You will need a virtual environment with the pymc package installed.

import pymc as pm
import numpy as np
import time

J = 8
y = np.array([28, 8, -3, 7, -1, 1, 18, 12])
sigma = np.array([15, 10, 16, 11, 9, 11, 10, 18])

def main():
    with pm.Model() as eight_schools_centered:
        mu = pm.Normal("mu", 0, 5)
        tau = pm.HalfCauchy("tau", 5)
        theta = pm.Normal("theta", mu, tau, shape=J)
        obs = pm.Normal("obs", theta, sigma, observed=y)

        start = time.time()
        trace = pm.sample(draws=10000, tune=10000, chains=1)
        end = time.time()

    print(f"took {end - start} seconds")

if __name__ == "__main__":
    main()

Julia's other PPLs

Julia also has other PPLs apart from Turing.jl, such as Gen.jl and RxInfer.jl. (I've probably missed out about 5 more.)

Unfortunately I can't seem to access the Gen.jl website, so I shall refrain from fully commenting on it. My current impression of it (which seems supported by the paper) is that it contains a huge library of tools for programmable inference, i.e., operations that tend to be common in Bayesian inference. In some ways this is more principled and also allows for an extreme level of customisation over inference algorithms. Turing on the other hand is much more like a 'framework' where you import a few functions, write a model, and sample with less fuss over how you're exactly doing it. (Note that Stan takes this to an extreme: the model is simply a function that returns a number and everything else stems from that.)

RxInfer.jl has a rather different approach to modelling than Turing: it constructs a graph of all the variables in the model, which leads to some restrictions on what is possible in the model.
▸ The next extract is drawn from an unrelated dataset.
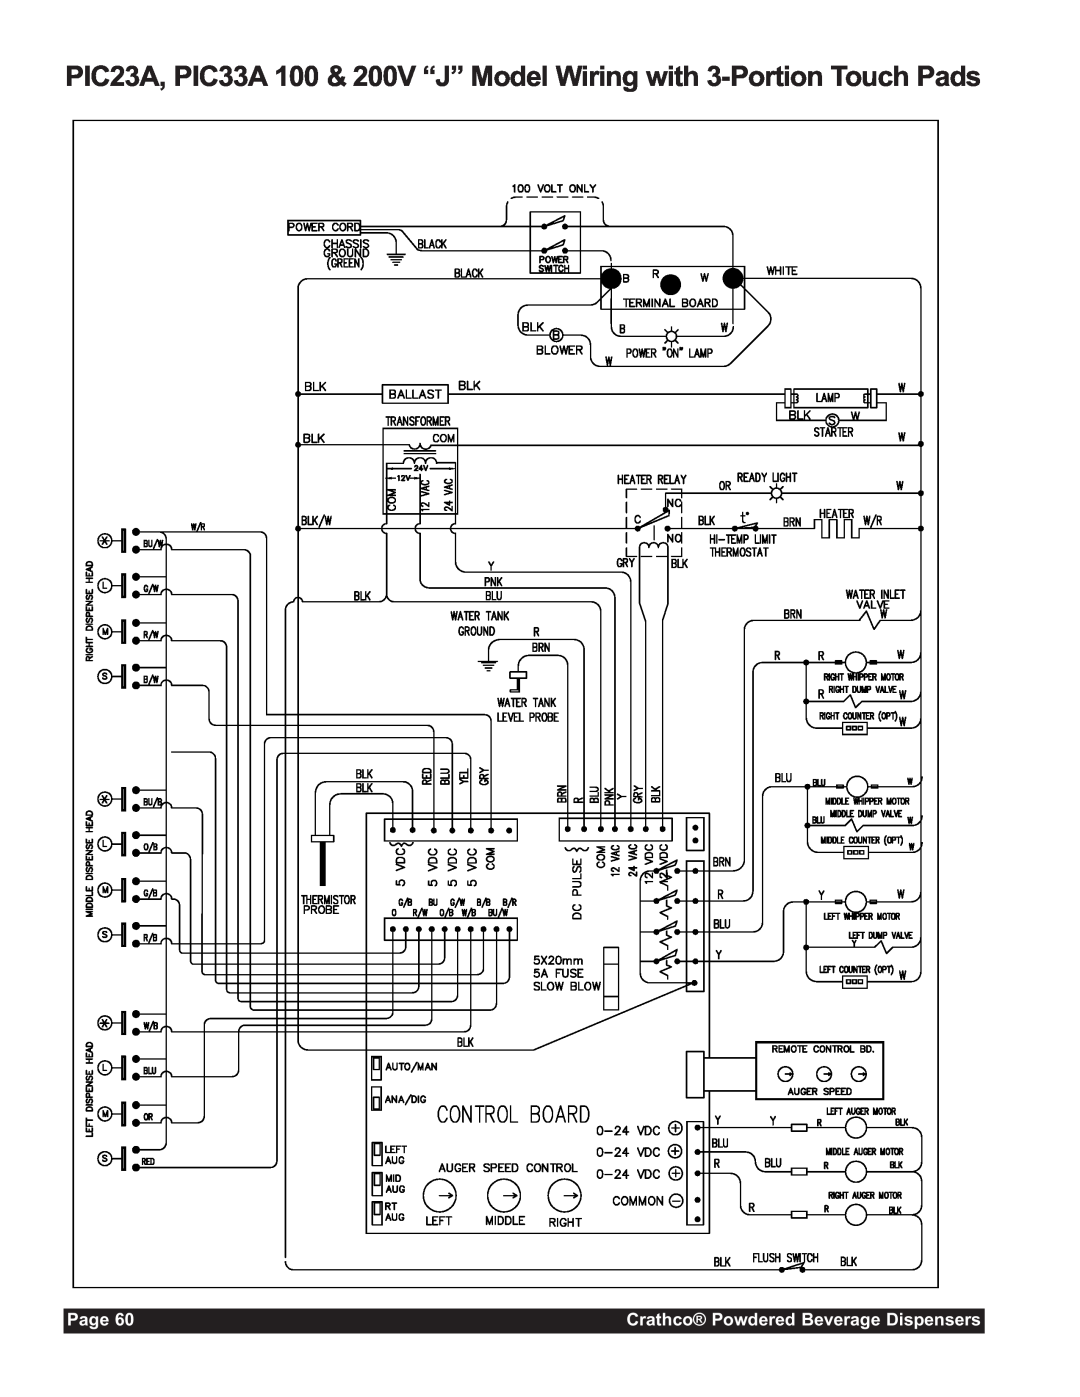 Grindmaster CC-302-20 service manual PIC23A, PIC33A 100 & 200V “J” Model Wiring with 3-Portion Touch Pads, Page 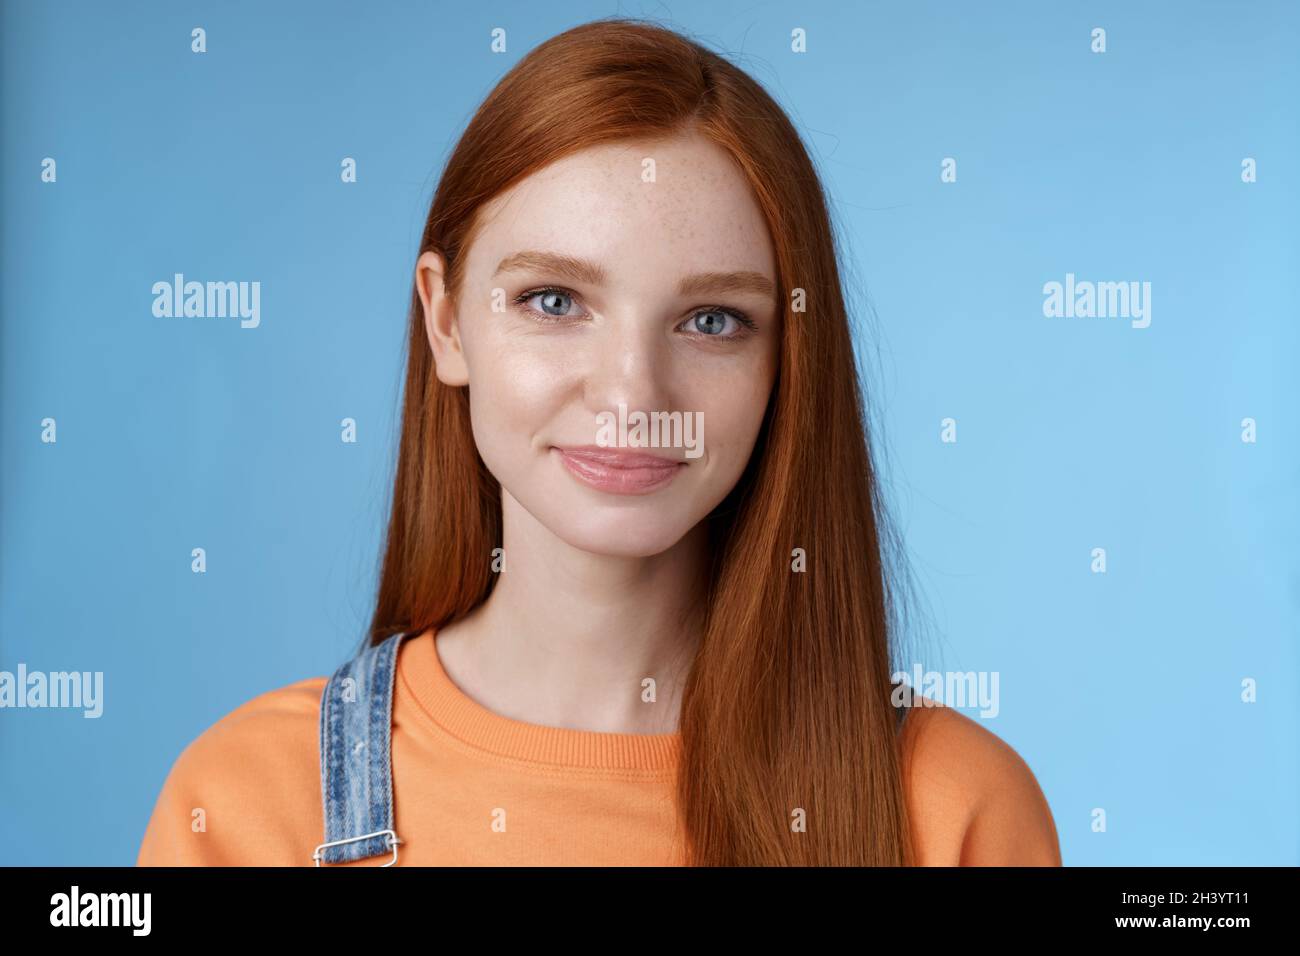 Outgoing young redhead girl blue eyes wearing orange t-shirt overalls smiling pleasantly casually talking standing good mood joy Stock Photo

In contrast Turing is more general-purpose and Turing models are genuine functions which can contain arbitrary Julia code. In return RxInfer can make use of this richer structure to perform inference more efficiently, for example when there are conjugate variables.

Comparing PPL syntaxes

Back to top

Between the three PPLs, Turing.jl arguably has the 'nicest' syntax: writing a Turing.jl model is almost like writing the mathematical equations that define the model. PyMC has a fairly similar syntax although it requires a little bit more boilerplate (for example, parameter names get specified twice, once as a variable to assign to and once as a string for PyMC to keep track of).

Notably, both PyMC and Turing allow you to define parameters 'as you go along'. This is rather like a dynamically typed programming language. On the other hand, Stan requires you to separately define a list of parameters and their sizes before they can be used in the model. This in turn resembles a statically typed programming language.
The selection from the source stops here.